The rest of it is incorrect. It is not possible to create a 10.9.5 image that will support all older models and the new MacBook. The only way do do that is to wait for 10.9.6 to come out, which will support all existing machines. This has always been the case, and has not changed.


Prior to 10.7, combo updates included information that allowed the OS install Packages to be "updated" to include the differences between the old and new systems. This was a very cumbersome process and made the combo updater much larger and slower than the delta updates. That support was dropped with the advent of the Install OS X application in 10.7.


When you run an updater (combo or delta) it updates the OS on the machine, but does not update the Recovery HD. So, if you start with 10.9, and combo/delta upgrade it to 10.9.5, you still have a 10.9.0 Recovery HD. That Recovery HD is an integral piece of the imaging process (you boot into it), so if it is out of date, your image will not work.

Jul 11, 2014 3:14 AM in response to Brian Nesse

I have an update, I do need to test it a little more but the signs are good.

The images I created were 10.9.4 with internet plugins, iworks apps and MS Office, then a image with Adobe CC Web Design Premium added (created using adobe Creative Cloud Packager).

The Basic Image (without CC) installed on all Macs, the image was created with a iMac 12,1 i5 the image was able to build all other iMac's, then when CC was added to the image the non 12,1 iMacs would not build.

I Then Created and image based on my Basic image and added CS6 (which I was previously using in all the other images I made for 10.6 and 10.8) and it works on all the different iMacs.

I know it doesn't make any sense at all, I don't see why CC would affect an image, but it seems to.


I will keep testing as I have only used the image on two iMac 8,1 CoreDuo's two iMac 7,1 CoreDuo's and one iMac 12,1 i3 which the image with 10.9.4 and CC previously failed to build.

Jul 11, 2014 9:29 AM in response to piperspace

Well it's just all become irrelevant, those idiots at apple have gone and broken windows file sharing with smb2.

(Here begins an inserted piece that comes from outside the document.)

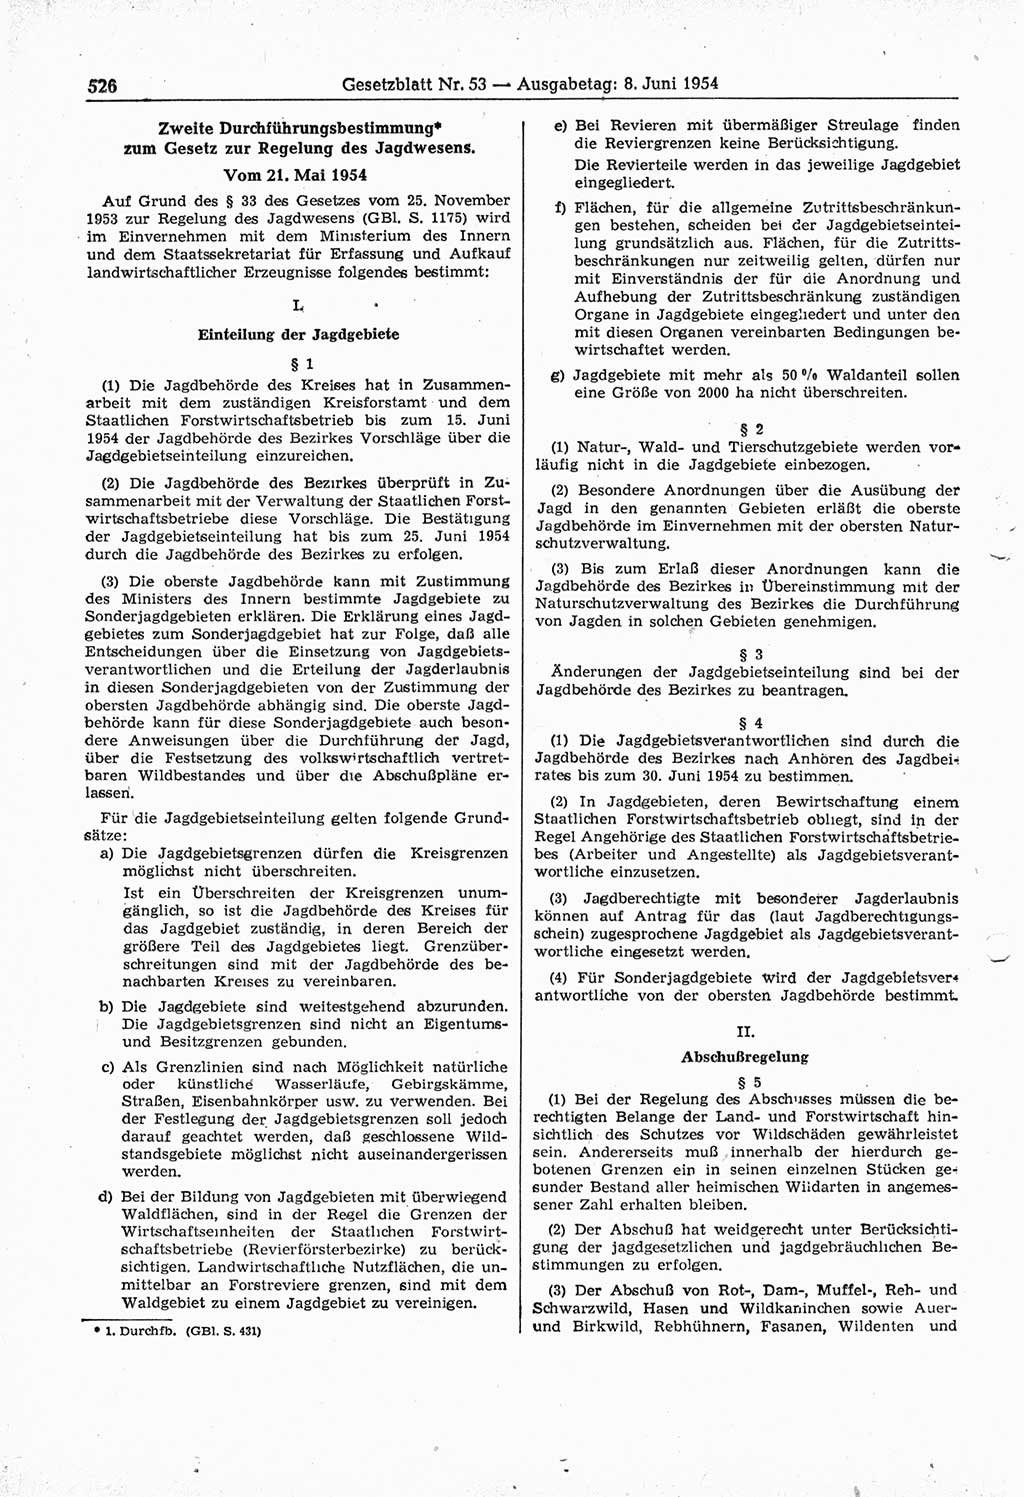 Gesetzblatt (GBl.) der Deutschen Demokratischen Republik (DDR) 1954, Seite 526 (GBl. DDR 1954, S. 526)

When a new AD account is created and the user logs in for the first time on a mac with Maverick installed, the home directory permissions get completely messed up and the user can't access any of there home directory including there library folder. Do the same thing with a 10.6 or 10.8 Mac and it's fine, then if you log on to 10.9 after previously logging on to a 10.8 Mac it works ok because the permission were already set correctly in 10.8

Apple really need to sort themselves out, working on macs these days is nothing but aggravation.